* _The task_
The lines in the listing below are to be given again exactly, starting at the line holding "Tramway TRAM Barcelone de nuit" and ending at the line holding "QUALITÉ D'INVESTISSEMENT". Do not include pictures.

Information shown Start Marker

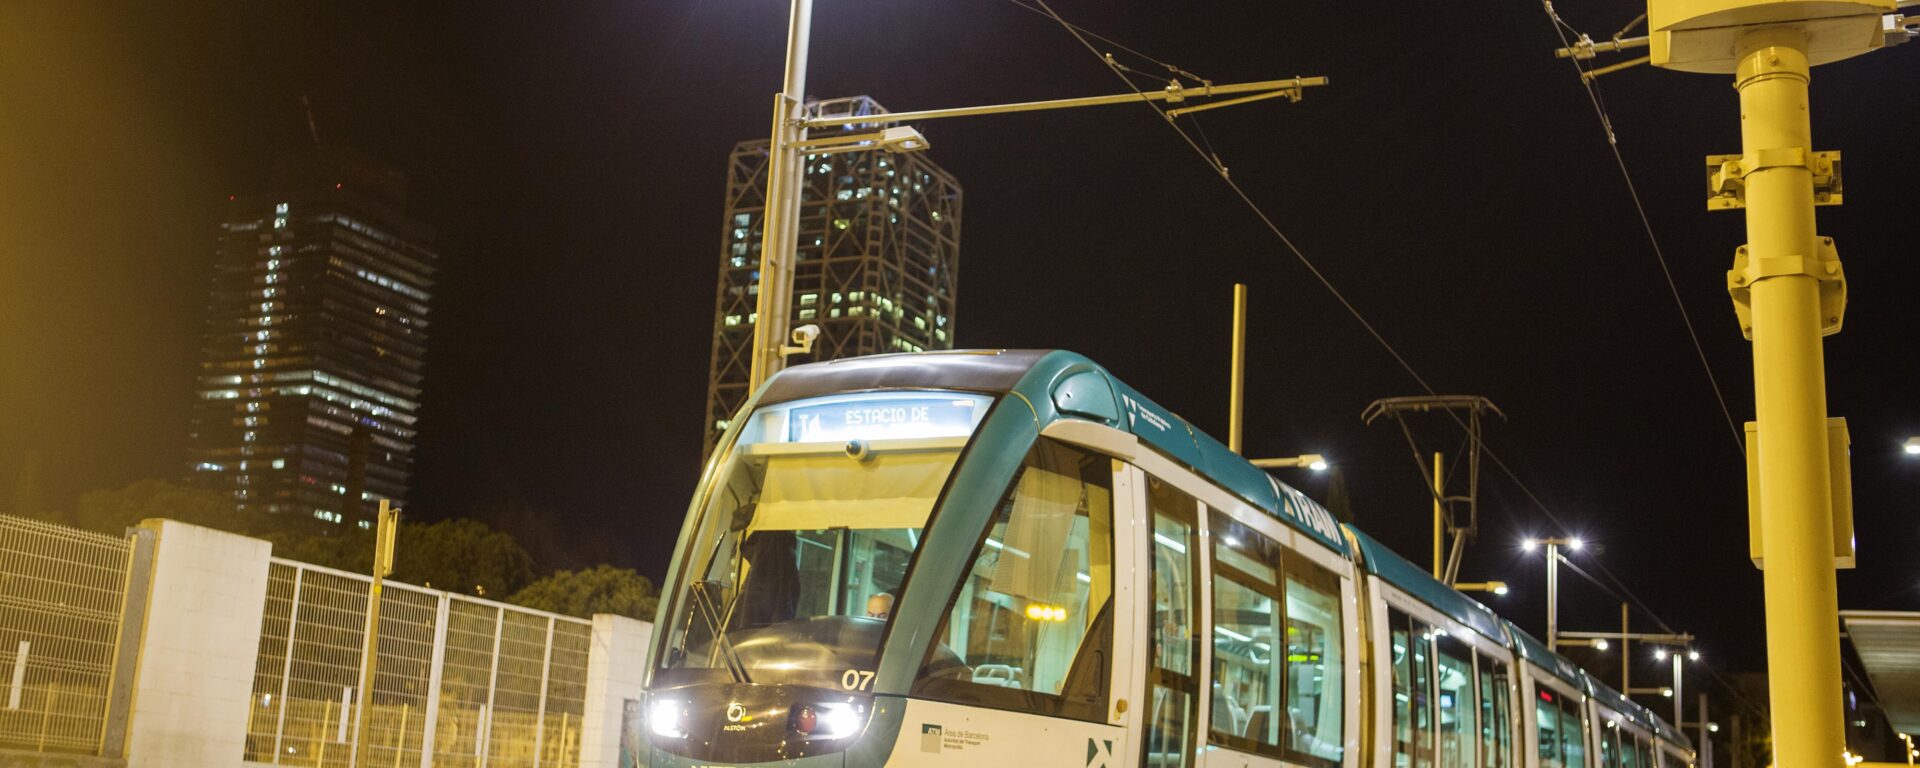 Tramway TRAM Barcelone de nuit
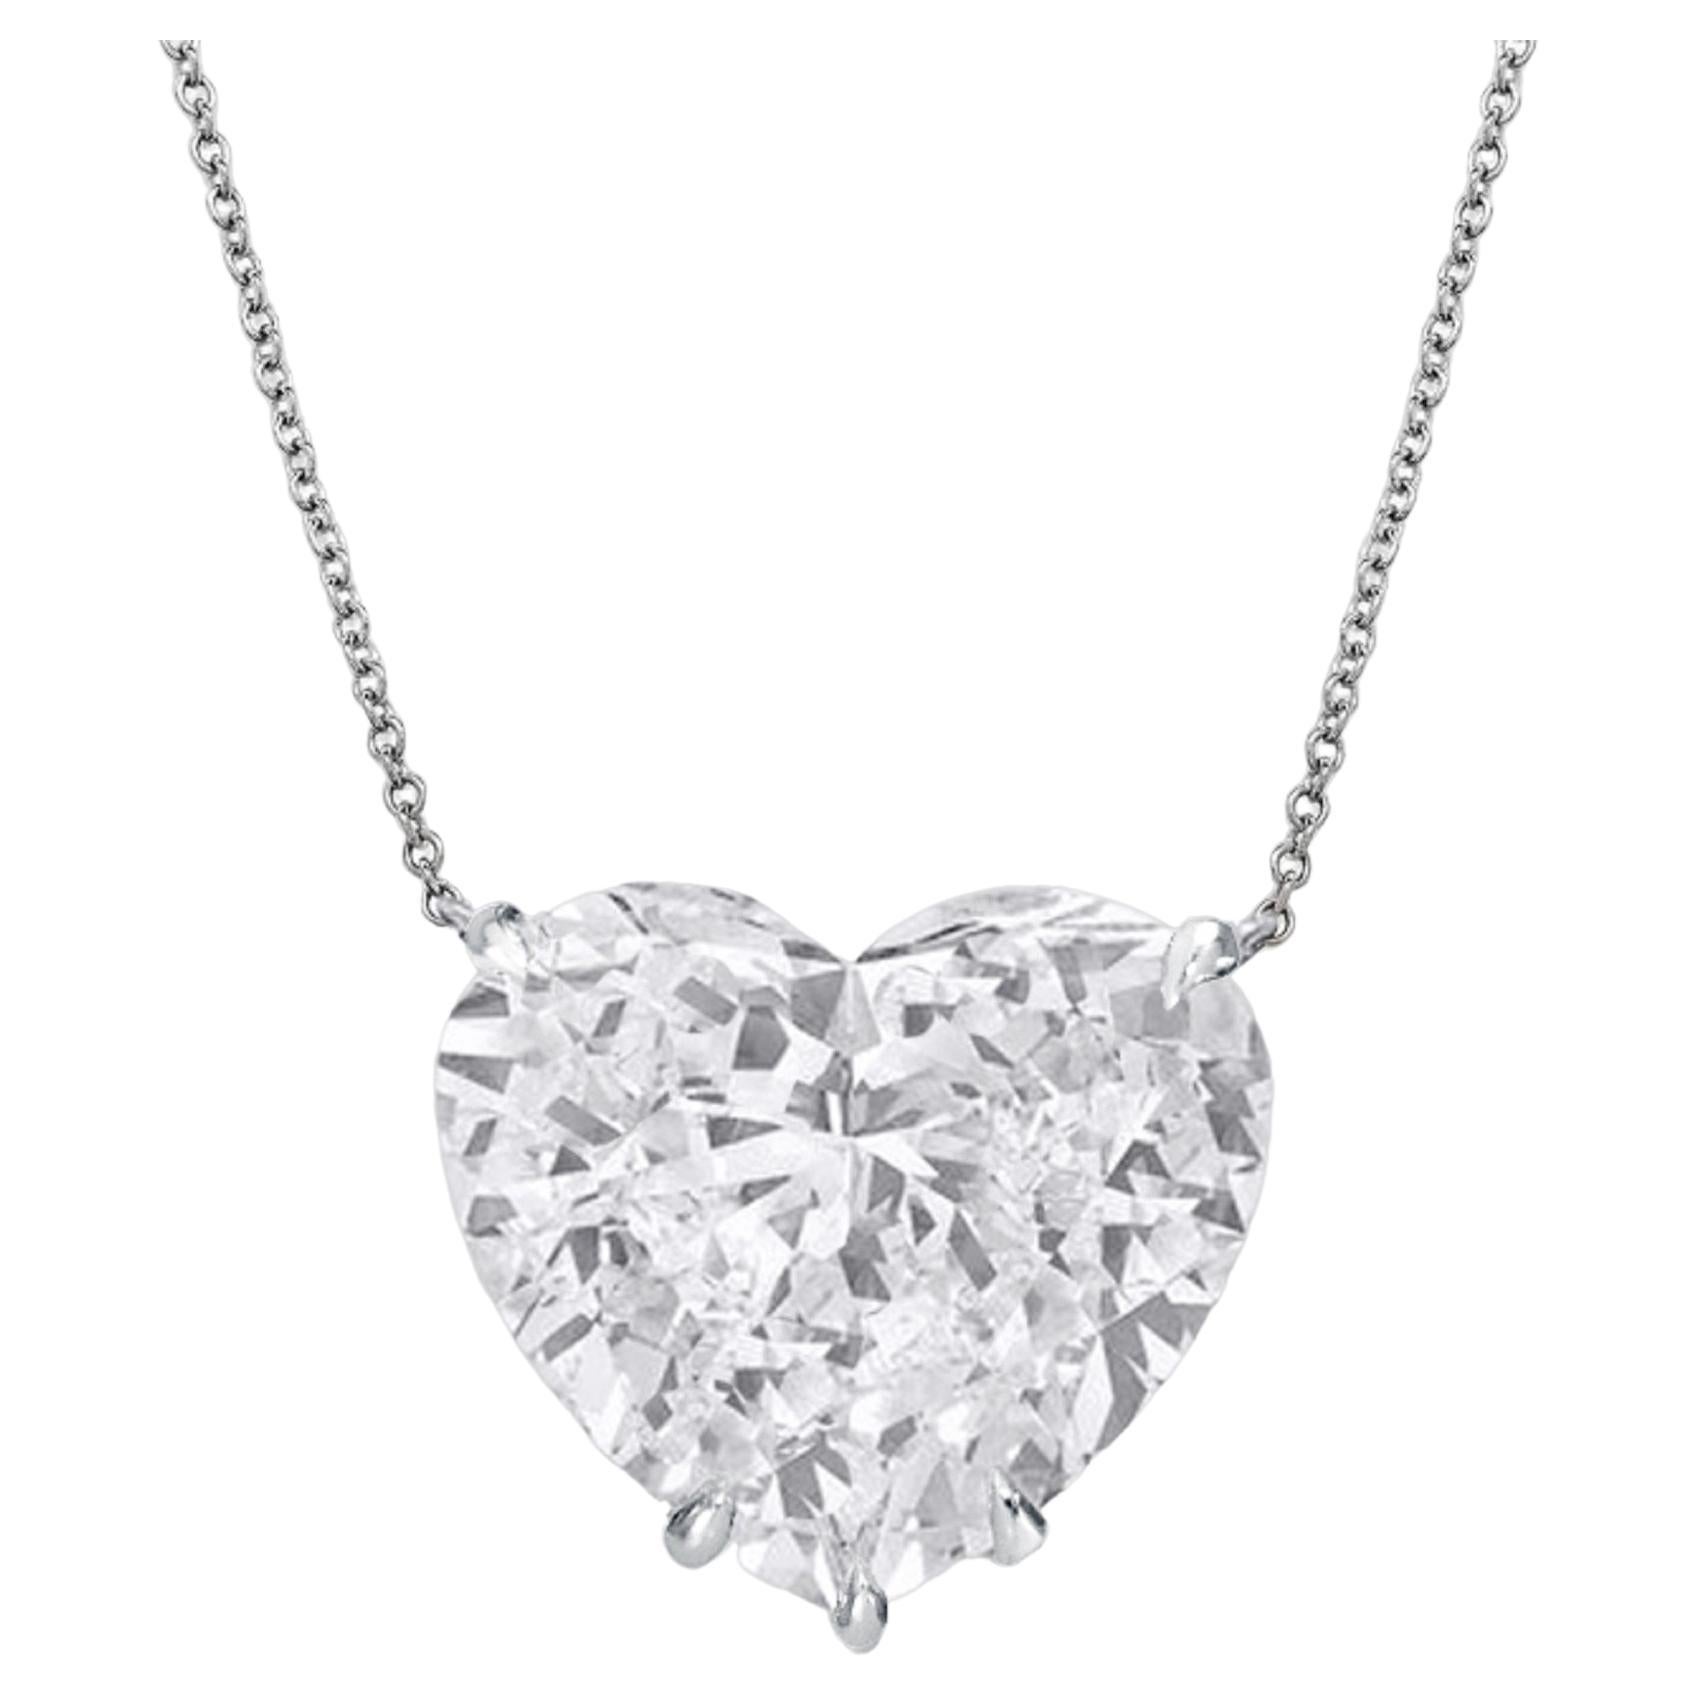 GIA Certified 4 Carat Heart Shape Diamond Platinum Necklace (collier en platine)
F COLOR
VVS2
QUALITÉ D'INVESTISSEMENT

Information shown End Marker
Information shown Start Marker

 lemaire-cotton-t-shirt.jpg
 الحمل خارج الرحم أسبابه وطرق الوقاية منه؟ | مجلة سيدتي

Information shown End Marker

* _Written reply_
 Tramway TRAM Barcelone de nuit
 GIA Certified 4 Carat Heart Shape Diamond Platinum Necklace (collier en platine)
F COLOR
VVS2
QUALITÉ D'INVESTISSEMENT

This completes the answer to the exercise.